The real obstacle to peace

Jonathan Tobin has got it right about why there's no peace in this region. Unfortunately, no one in the halls of government outside of Israel is likely to listen.
Israeli Prime Minister Benjamin Netanyahu announced on Friday that plans to demolish a temporary structure that allowed access to the Temple Mount would be indefinitely postponed due to the threats of violence not only from Palestinians but also from Egypt and Jordan. As with the case of previous efforts to either modernize or create better access for this historic and sacred area, any actions by Israel have been regarded by denizens of the so-called “Arab street” as a conspiratorial plot to destroy the mosques on the Temple Mount or otherwise offend Muslim sensibilities. The fact that even an anti-Israel institution like UNESCO — which has routinely denounced archeological digs in the city by Israelis — regards the ramp demolition as in no way compromising Muslim rights or shrines is meaningless to Israel’s Arab foes. While frustrating for Israel, these threats ought to clearly illustrate to the world the irrational aspect of Arab and Islamic critique of Israel. The resentment the Temple Mount project has generated is rooted in a belief that Jews have no right to be in Jerusalem. It has nothing to do with anything Netanyahu or his government might do.
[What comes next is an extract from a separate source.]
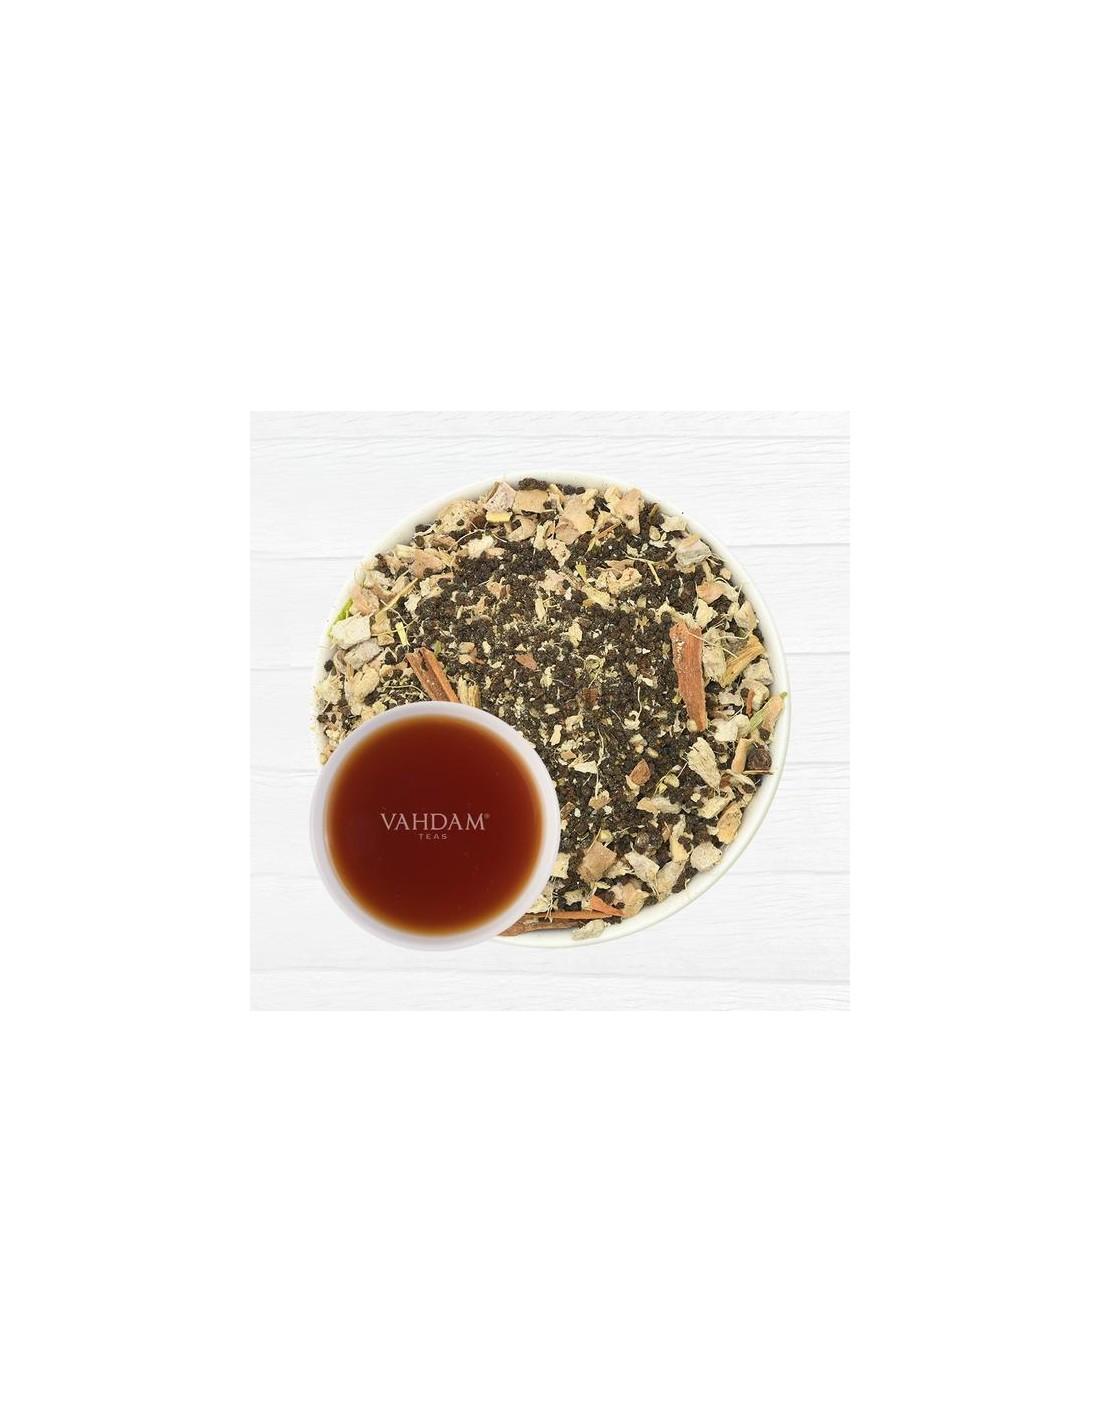 Ginger Masala Chai Tea - Republika Smaków Sp. z o.o.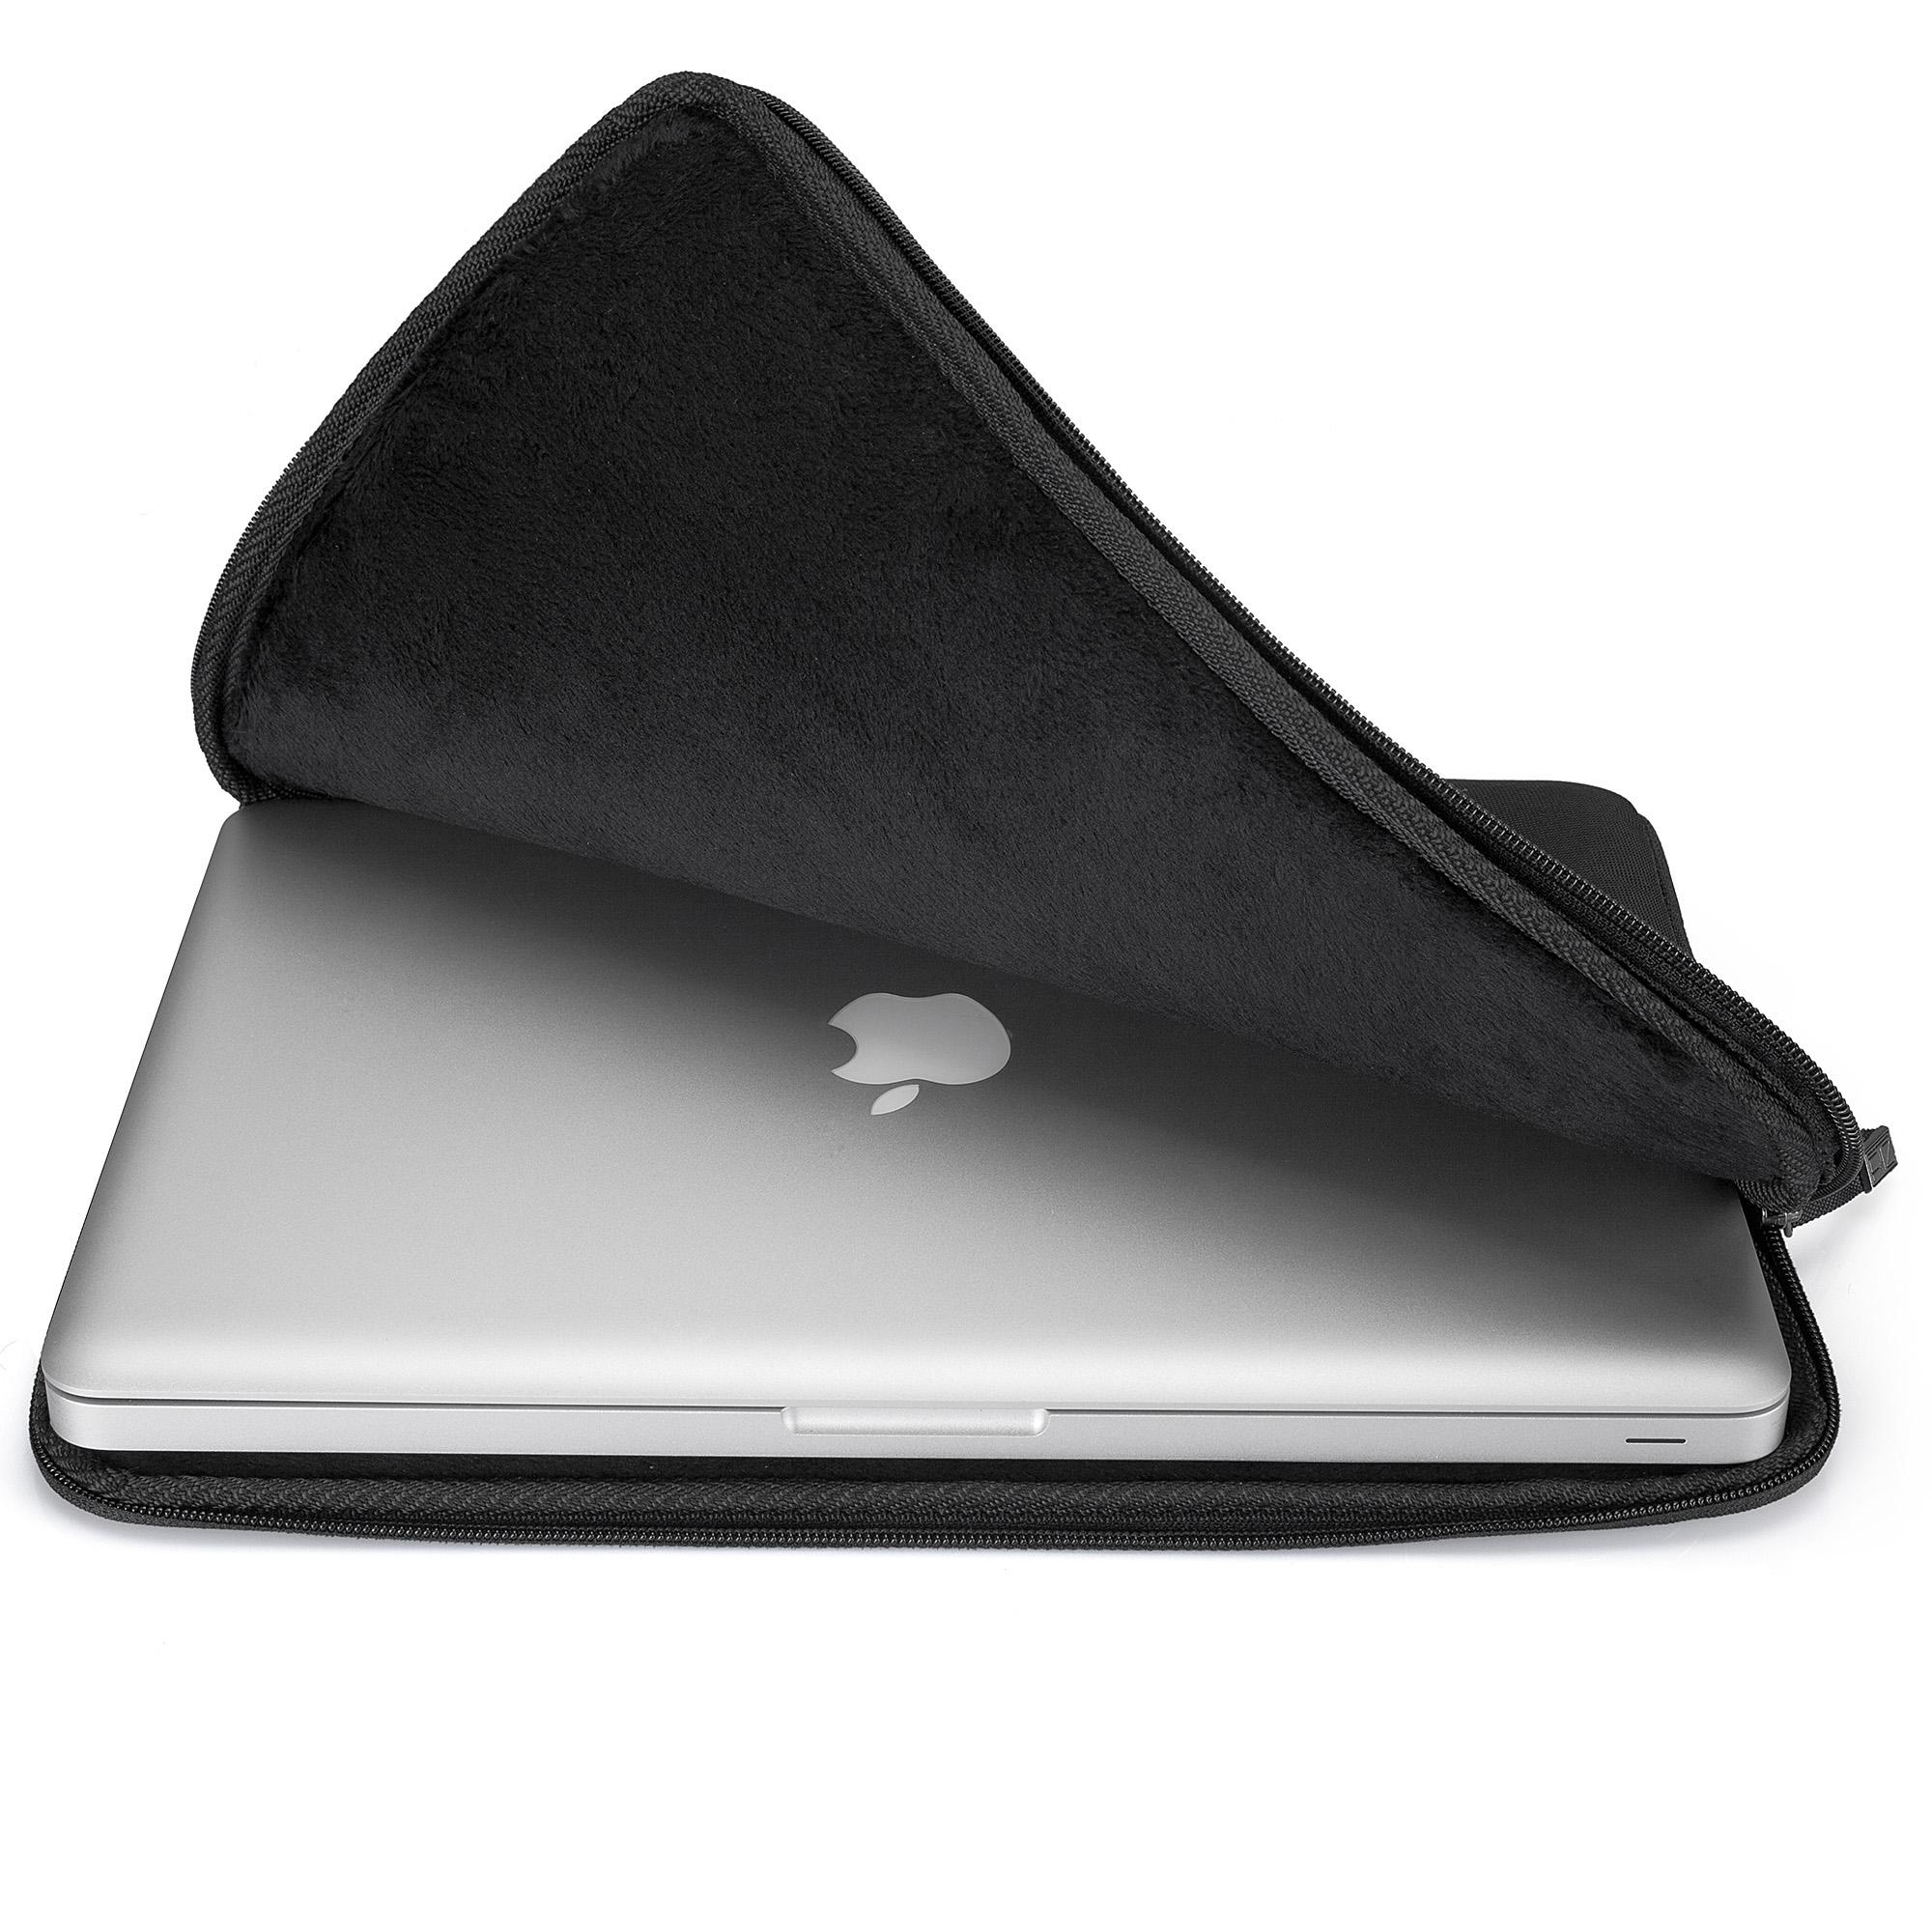 soft sleeve for macbook 11 12 13 15 inch retina pro air laptop case 13 3 15 4 ebay. Black Bedroom Furniture Sets. Home Design Ideas

Renovation of the ramp, which is a temporary structure put up in 2003 after an earthquake and a severe winter storm caused the old access ramp to collapse, in no way harms the mosques on the Temple Mount or interferes with Muslim rights to worship there. Indeed, the carrying on about anything Israel does with the adjoining Western Wall or the tunnels leading to it have never been about any harm to Arabs or Muslims. After all, in an act of magnanimity that has never been equaled in the annals of war, Israel handed over control of the Temple Mount — which is the most sacred spot in Judaism — to the Muslim Wakf almost immediately after the city was unified in 1967. For the first time in history, one of the contestants for control of the city did not destroy the shrines of other faiths or convert them to other uses as Christian and Muslim conquerors had done. But Israel got no credit for Moshe Dayan’s attempt to appease Islamic sensibilities. In the decades since this gesture, the Wakf has redoubled its efforts to foment violence. Even more to the point, it has conducted excavations on the historic site that resulted in the trashing of antiquities.

The only period when all religions were allowed free access to their holy sites in the city’s history has been the last 44 years of Jewish sovereignty. Yet Muslims still react to any Jewish presence in the Old City much as they did in 1929 when extremists fomented rumors of a Jewish plot to destroy the Temple Mount mosques that resulted in riots that took the lives of many Jews, including the massacre of the ancient Jewish community of Hebron.
Indeed.

So is Netanyahu going to remove his 'temporary' hold on the project before the ramp collapses and we are blamed for that? Or is he going to continue to kotow to the Egyptians and the Obama administration? What could go wrong?